### Work instructions
Print out the data below in full and exactly, skipping the pictures.

### Data provided
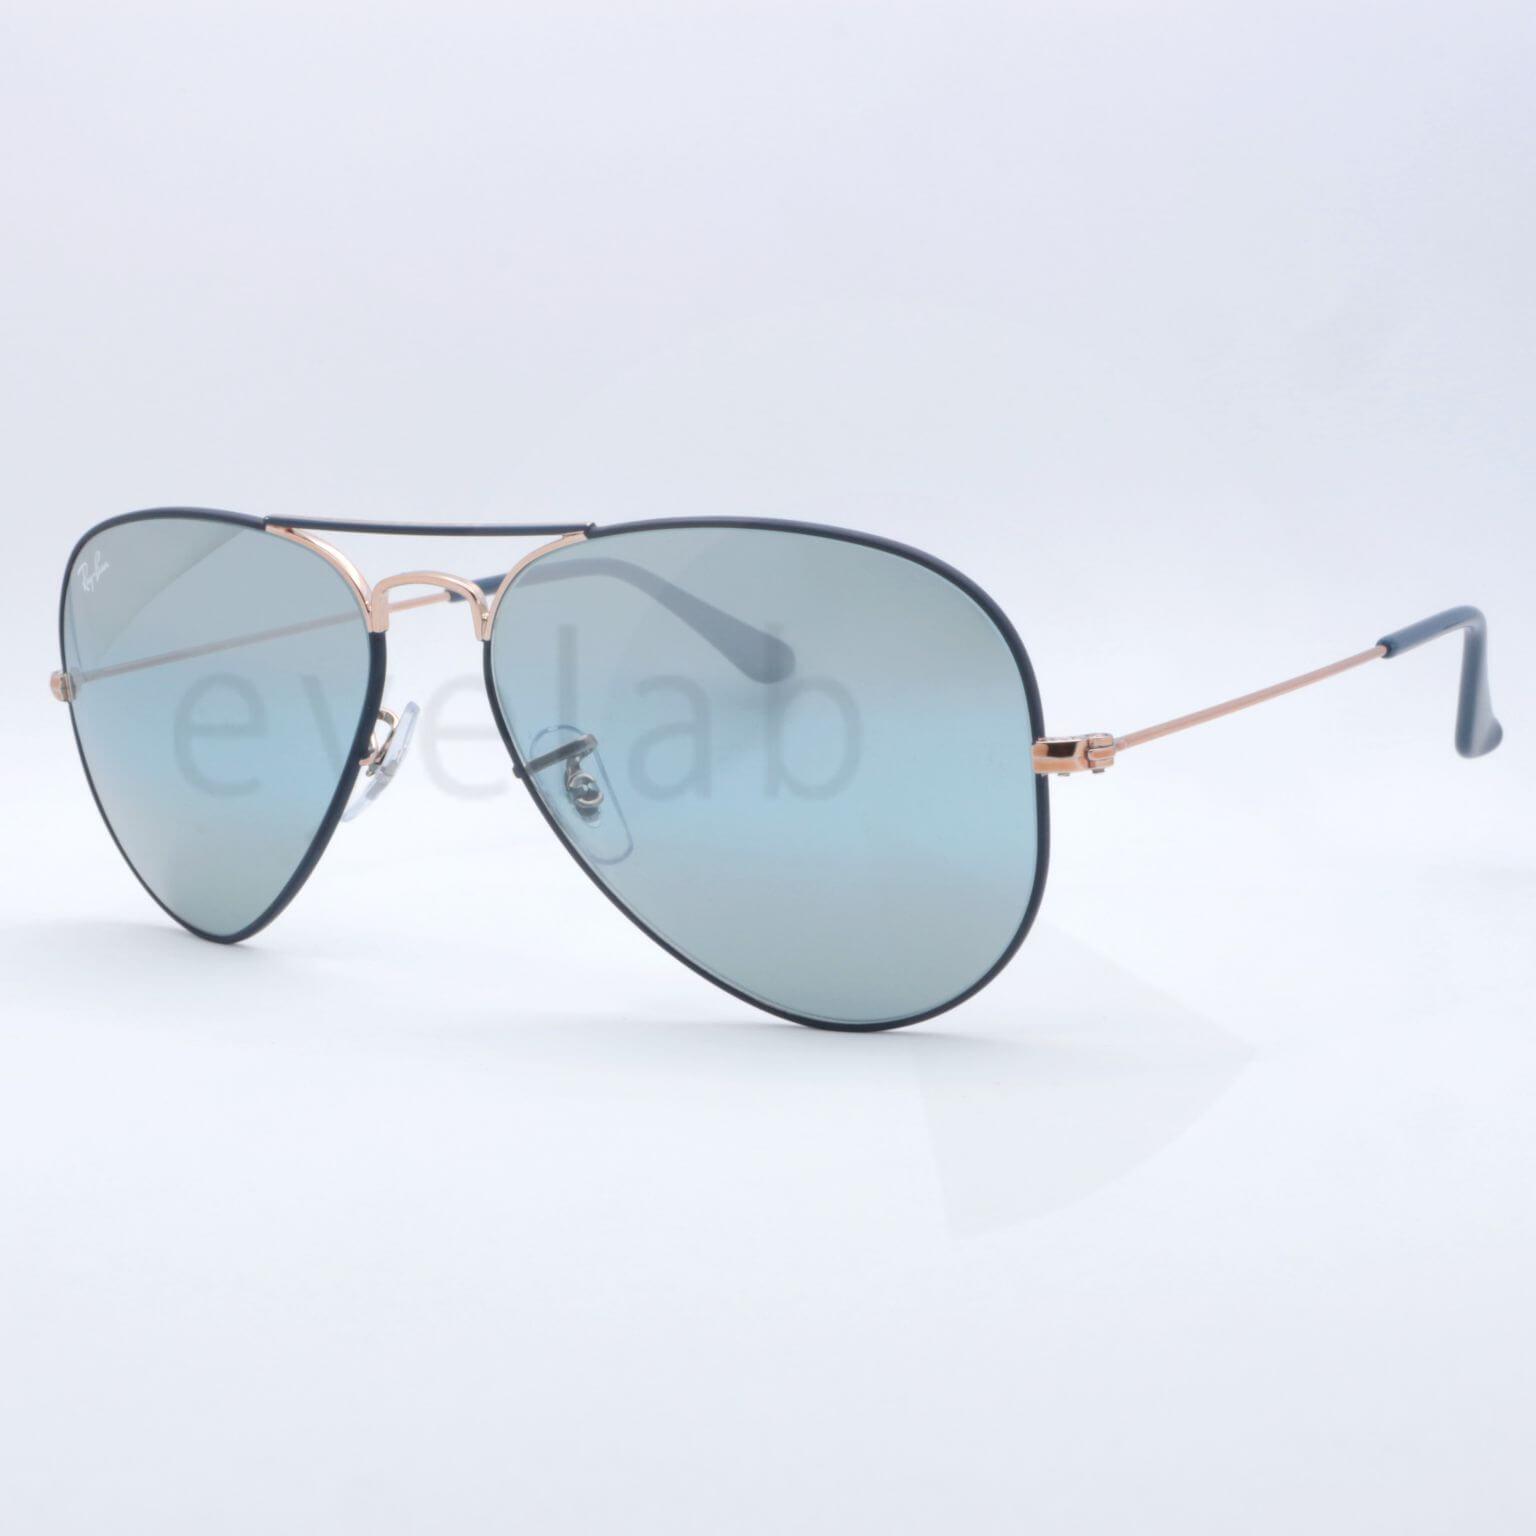 419d005681 Ray-Ban Aviator 3025 9156AJ 58 sunglasses ~ Οπτικά Eyelab
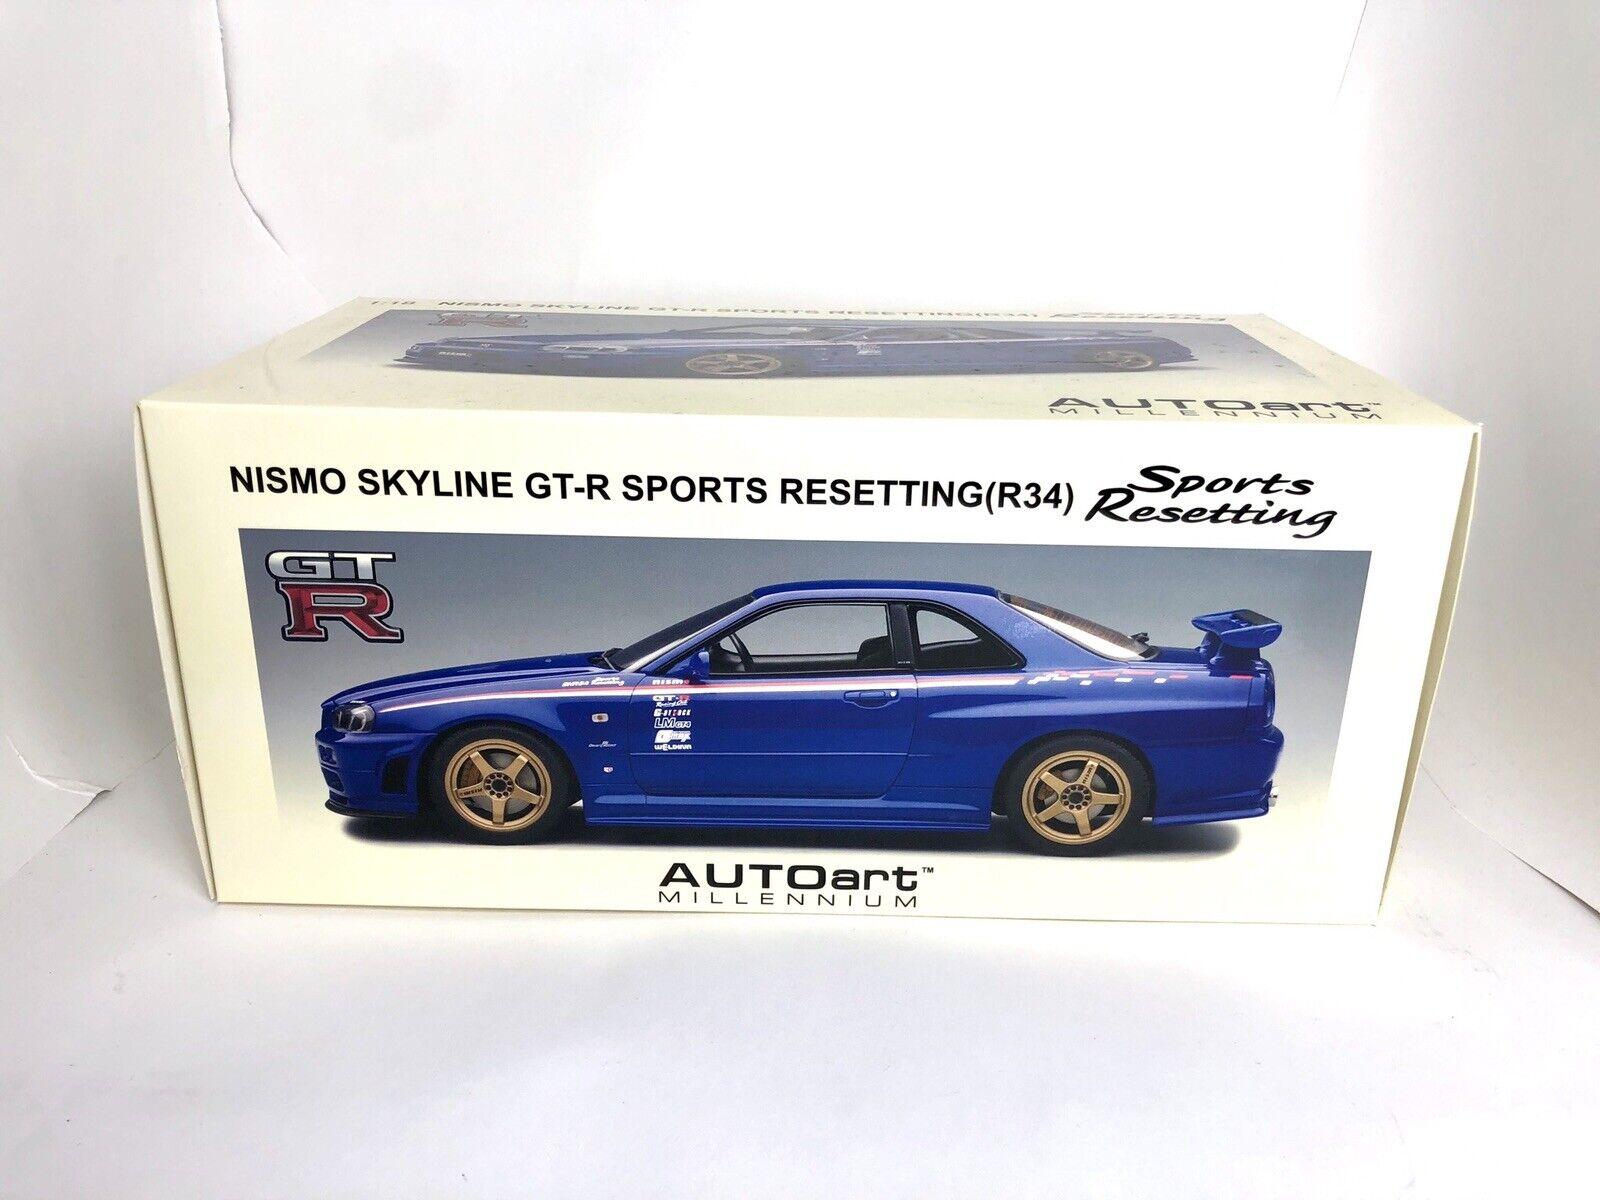 1 18 Nissan Nismo Skyline GT-R Sports Resetting R34 Diecast Model AUTOart 77359
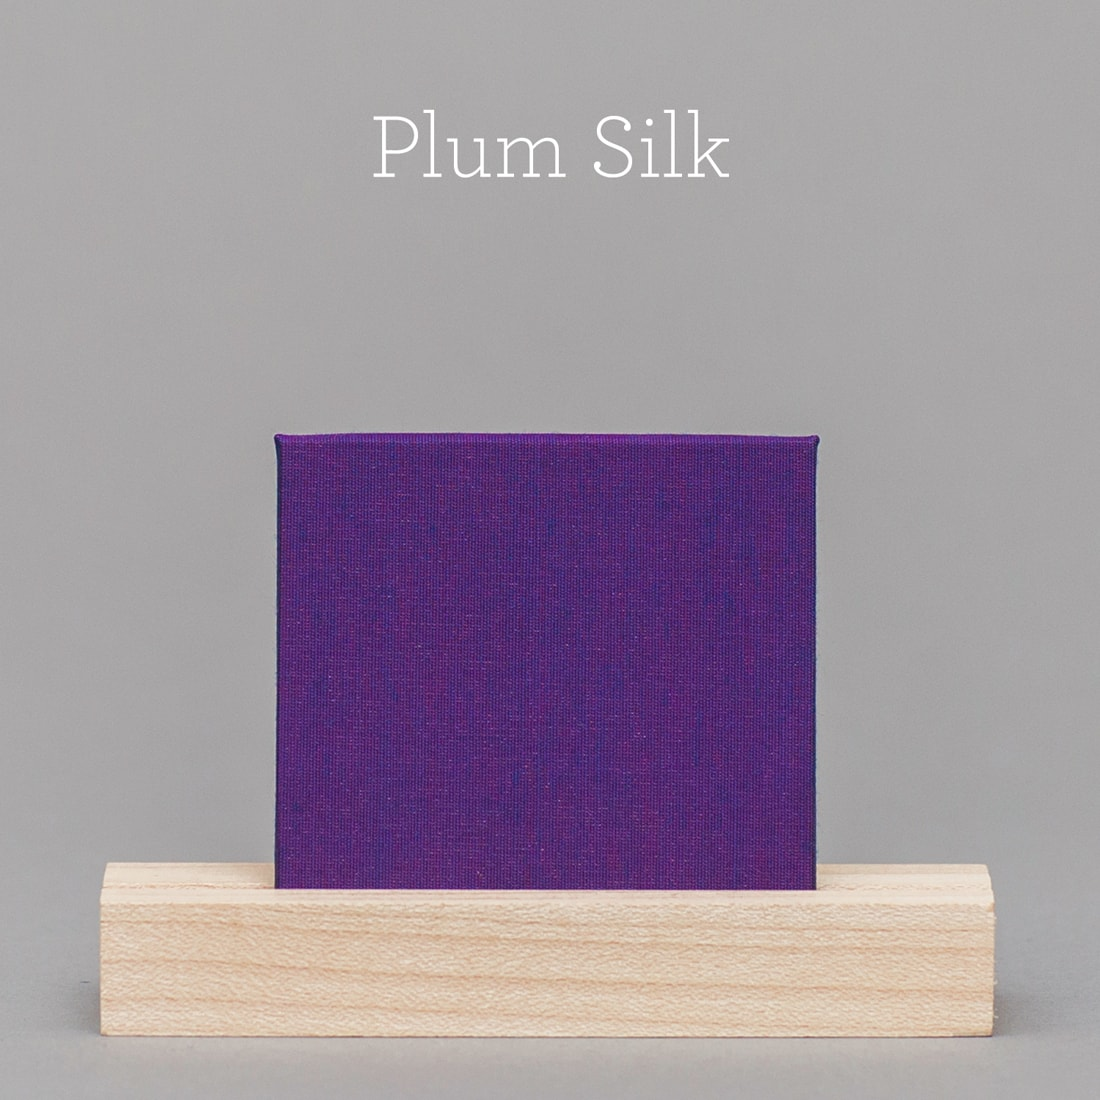 PlumSilk

### Solution
 419d005681 Ray-Ban Aviator 3025 9156AJ 58 sunglasses ~ Οπτικά Eyelab
 1 18 Nissan Nismo Skyline GT-R Sports Resetting R34 Diecast Model AUTOart 77359
 PlumSilk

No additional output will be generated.